New Rochelle Mall
- Location: New Rochelle, New York, United States
- Coordinates: 40°54′40″N 73°46′46″W﻿ / ﻿40.91111°N 73.77944°W
- Address: Main Street and Le Count Place
- Opened: 1968
- Closed: 1995 (demolished spring 1998)
- Stores: 100
- Anchor tenants: 1
- Floor area: 600,000 sq ft (56,000 m^{2})
- Floors: 3

= New Rochelle Mall =

New Rochelle Mall was an enclosed shopping mall located in the downtown business district of the suburban city of New Rochelle, Westchester County, New York. The clearing of the site on which the mall was built began in the mid-1960s as part of a downtown urban renewal project. Numerous homes, some businesses, and a cemetery and church were cleared away to create a four-blocks-long lot upon which the mall would be sited.The mall had its grand opening in 1968 and was initially a great success, attracting shoppers from across lower Westchester. A period of decline began in the 1980s, and the mall was shuttered in 1995, with the entire structure being demolished in 1998 and soon thereafter replaced by an entertainment center called New Roc City.

The mall complex covered four large downtown blocks and was composed of 100 retail shops covering 338,000 sqft, a three-level, 250,000 sqft department store, and a 1,900-car garage.
It also included a 1204-seat Century Mall Theater as well as being linked to an adjacent eight-story office building and hotel tower, both of which still remain.

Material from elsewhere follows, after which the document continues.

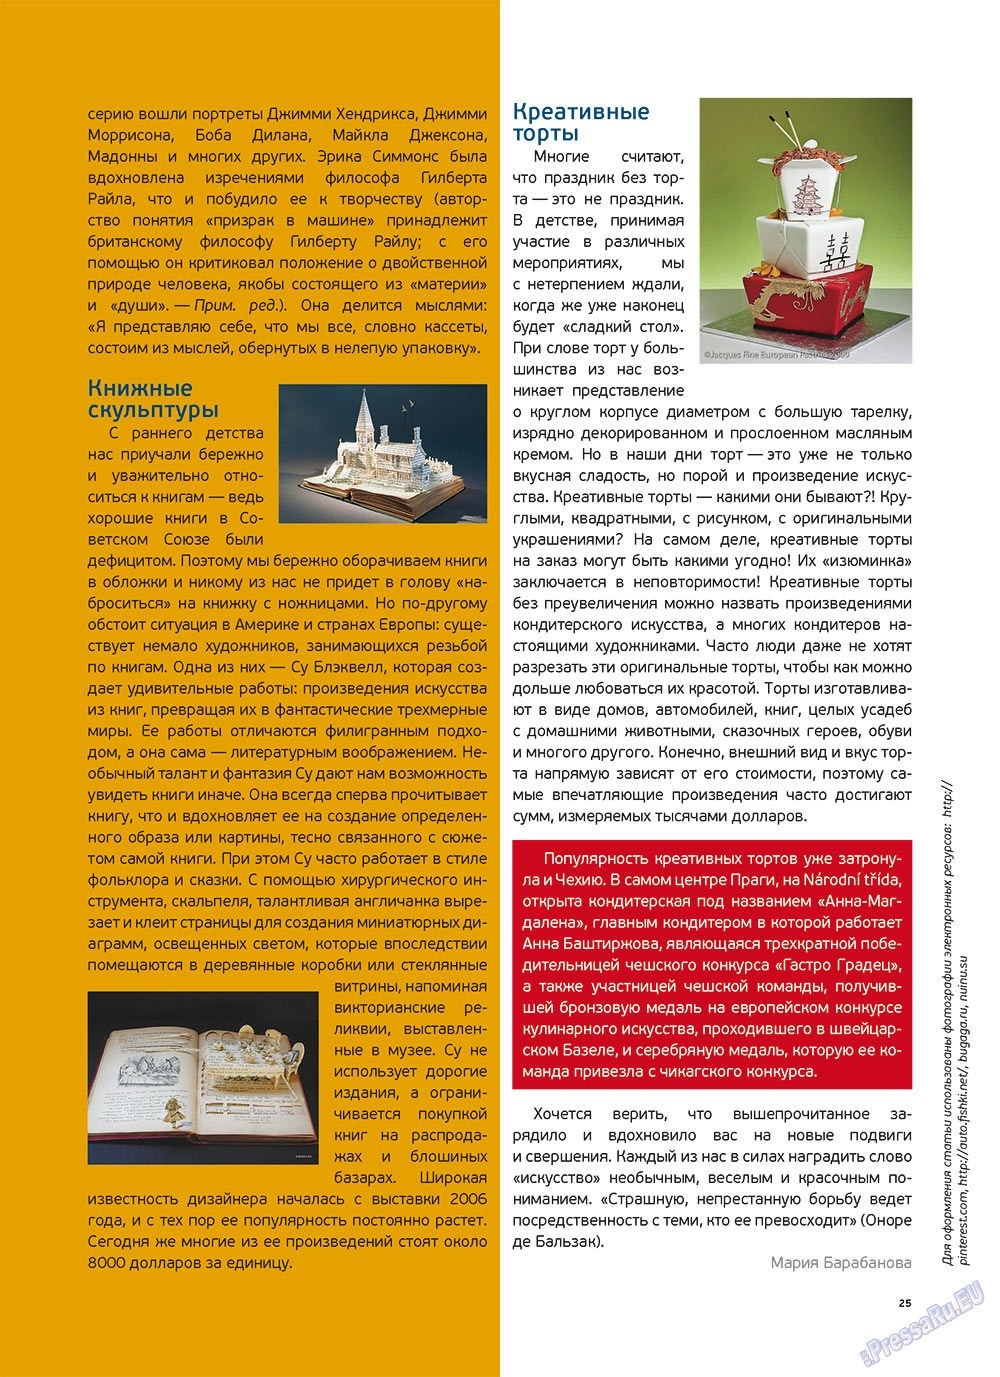 Артек (журнал). 2012 год, номер 3, стр. 27

Plans were in the works for the mall to undergo a $30 million, 50 percent expansion, with the addition of a 12-story building that was to include a 12-screen movie theater and eight floors of offices.
The expansion, intended to aid in the revitalization of New Rochelle's downtown, was scheduled for completion in 1991. Those developments were later dropped and never completed.

The mall's end came with the bankruptcy of Macy's and its closing of the New Rochelle branch in 1992. The vacancy rate in the mall by then was already high, and the mall was formally closed and demolished by spring 1998. It was eventually replaced by the New Roc City entertainment complex which opened in 1999. New Roc features a 19-screen movie theater, Westchester County's first IMAX theater (preceding White Plains City Center's Cinema de Lux), a health club, an ice rink (now Monroe College Athletic Center), restaurants, shopping centers and an indoor amusement park.